The uncurrying process will lead to existential types. Since the adjoint of $(X\to)$ is $(X\times\vphantom{Y})$ and the adjoint of $(\forall X.)$ is $(\exists X.)$, it is appearently inevitable. Also, it will lead to types depending on terms (where simple types only depends on types themselves, and polymorphism allows terms to depend on types). So generally it is not doable in your restricted type system.
Let's write these in more suggestive notations. The usual currying/uncurrying converts between $X \to Y \to Z$ and $X \times Y \to Z$. But the former can be written in the product notation: $\prod_{x:X} \prod_{y:Y} Z$, where $\prod_{y:Y}Z$ means the product of many copies of $Z$, one for each element $y$ of $Y$, which is a function from $Y$ to $Z$. The latter can be written as $\prod_{p:X\times Y} Z$. And $A \times B$ can be rewritten as $\sum_{a:A}B$, which is the sum of many copies of $B$, one for each element $a$ of $A$.

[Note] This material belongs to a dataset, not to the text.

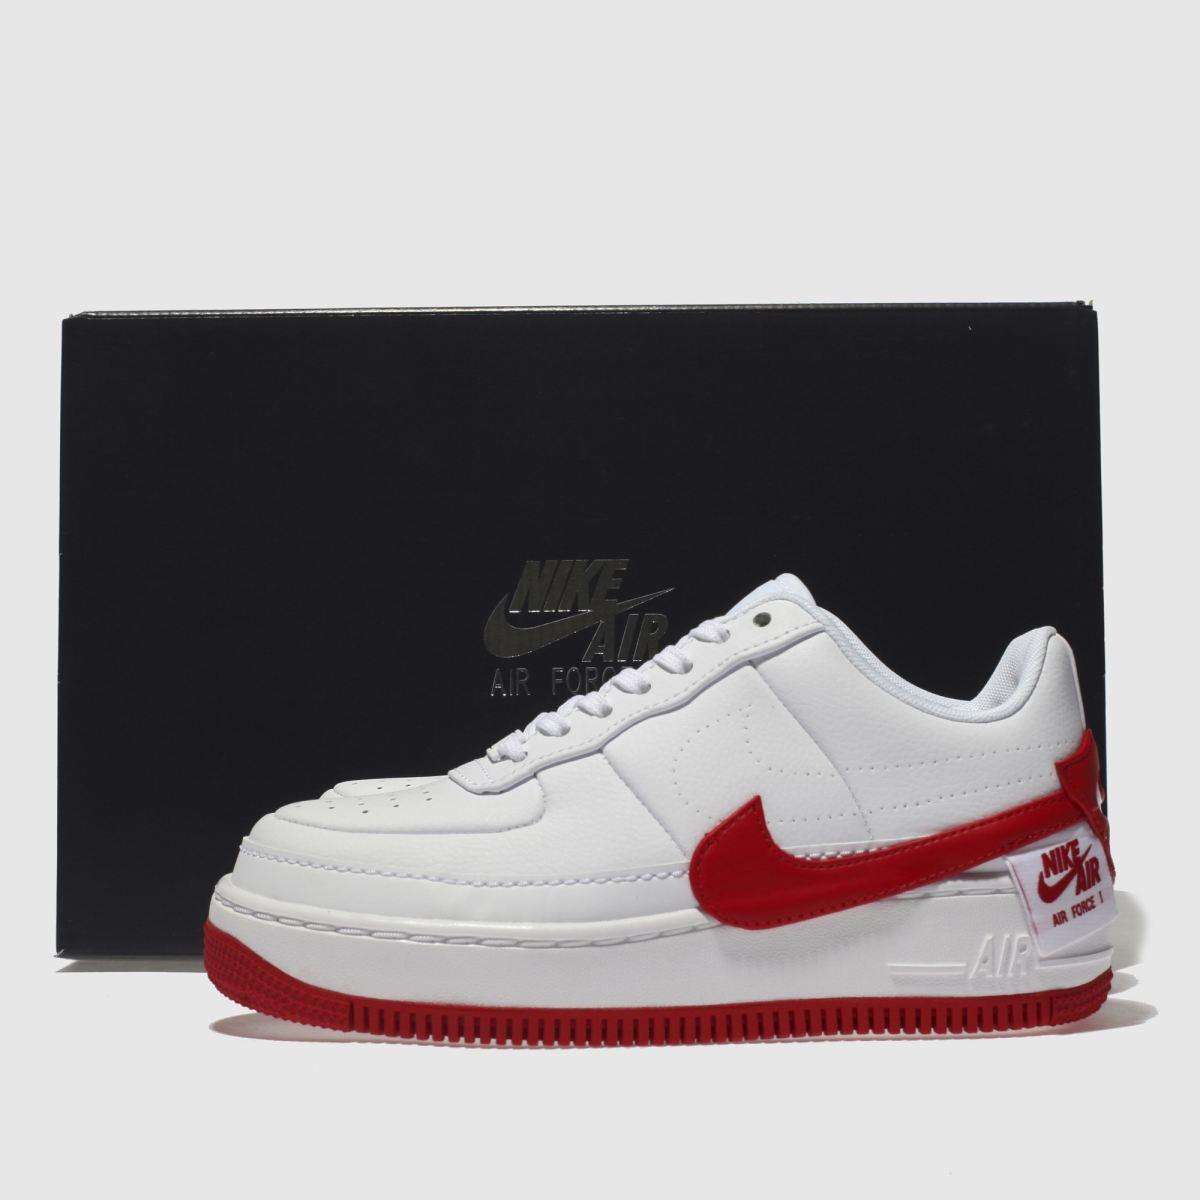 Damen Weiß-rot nike Air Force 1 Jester Xx Sneaker   Schuhe schuh Gute Qualität beliebte Schuhe   4a25b7

This notation is easily generalized to polymorphic types (or even more generally, dependent types), simply by allowing the inner expression to depend on the variable: $\prod_{X : *} X \to A$ means the product of $X \to A$ for every type $X$. So we can make the more general currying/uncurrying process: $$\prod_{x:X}\prod_{y:Y_x} Z_{x, y} \Leftrightarrow \prod_{p:\sum_{x:X} Y_x} Z_{\pi_1(p), \pi_2(p)},$$
where $\pi_i(p)$ is the projection that selects the $i$-th element.
Back to the question itself. The first one is actually a function of three arguments. So just turning it into $\forall X. (X\times \mathtt{int}) \to X$ is just uncurrying the second and third argument. The uncurried form neccesarily involves dependent types: $\forall (p:\exists X. X\times \mathtt{int}). \pi_1(p)$. The rest can be done similarly.